RHEL 7/8 supports up to 2TB maximum memory in KVM guests.


https://www.suse.com/releasenotes/s390x/SUSE-SLES/15-SP1/

SLES 15 seems to support up to 4TB in a VM


If migration failing would mean "abort migration, continue on migration
source", I could sleep good at night. (as long as nothing crashes)
David Hildenbrand Aug. 2, 2019, 8:26 a.m. UTC | #6
On 02.08.19 10:04, David Hildenbrand wrote:
> On 29.07.19 16:52, Igor Mammedov wrote:
>> While looking into unifying guest RAM allocation to use hostmem backends
>> for initial RAM (especially when -mempath is used) and retiring
>> memory_region_allocate_system_memory() API, leaving only single hostmem backend,
>> I was inspecting how currently it is used by boards and it turns out several
>> boards abuse it by calling the function several times (despite documented contract
>> forbiding it).
>>
>> s390 is one of such boards where KVM limitation on memslot size got propagated
>> to board design and memory_region_allocate_system_memory() was abused to satisfy
>> KVM requirement for max RAM chunk where memory region alias would suffice.
>>
>> Unfortunately, memory_region_allocate_system_memory() usage created migration
>> dependency where guest RAM is transferred in migration stream as several RAMBlocks
>> if it's more than KVM_SLOT_MAX_BYTES.
> 
> So if I understand it correctly, we only call
> memory_region_allocate_system_memory() in case the guest initial memory
> size exceeds KVM_SLOT_MAX_BYTES - ~8TB.
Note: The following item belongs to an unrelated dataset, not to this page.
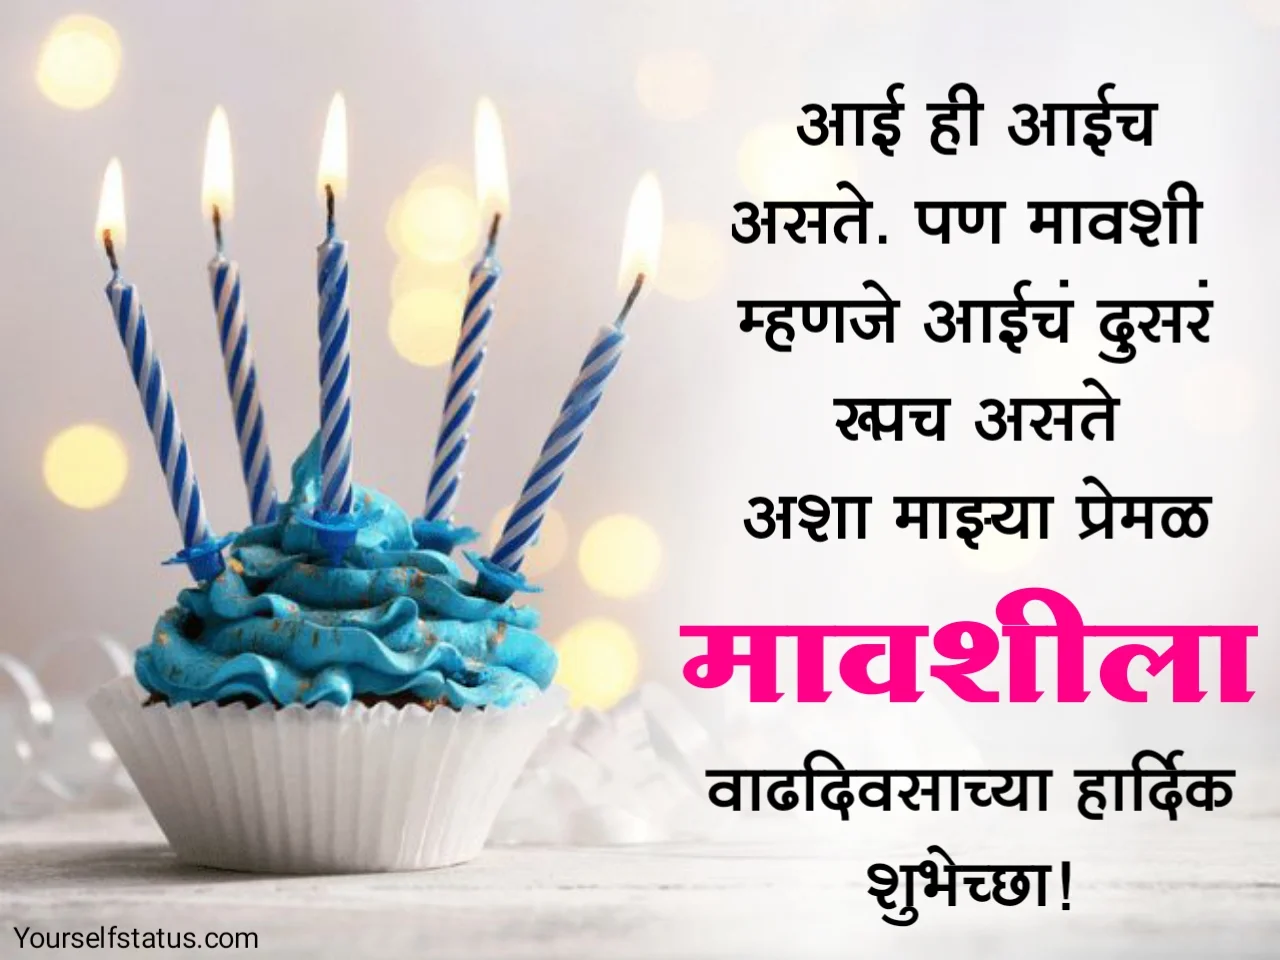 Happy Birthday wishes for mavshi in marathi

(to clarify, I meant: call it more than once)
Christian Borntraeger Aug. 2, 2019, 8:29 a.m. UTC | #7
On 02.08.19 10:04, David Hildenbrand wrote:
> On 29.07.19 16:52, Igor Mammedov wrote:
>> While looking into unifying guest RAM allocation to use hostmem backends
>> for initial RAM (especially when -mempath is used) and retiring
>> memory_region_allocate_system_memory() API, leaving only single hostmem backend,
>> I was inspecting how currently it is used by boards and it turns out several
>> boards abuse it by calling the function several times (despite documented contract
>> forbiding it).
>>
>> s390 is one of such boards where KVM limitation on memslot size got propagated
>> to board design and memory_region_allocate_system_memory() was abused to satisfy
>> KVM requirement for max RAM chunk where memory region alias would suffice.
>>
>> Unfortunately, memory_region_allocate_system_memory() usage created migration
>> dependency where guest RAM is transferred in migration stream as several RAMBlocks
>> if it's more than KVM_SLOT_MAX_BYTES.
> 
> So if I understand it correctly, we only call
> memory_region_allocate_system_memory() in case the guest initial memory
> size exceeds KVM_SLOT_MAX_BYTES - ~8TB.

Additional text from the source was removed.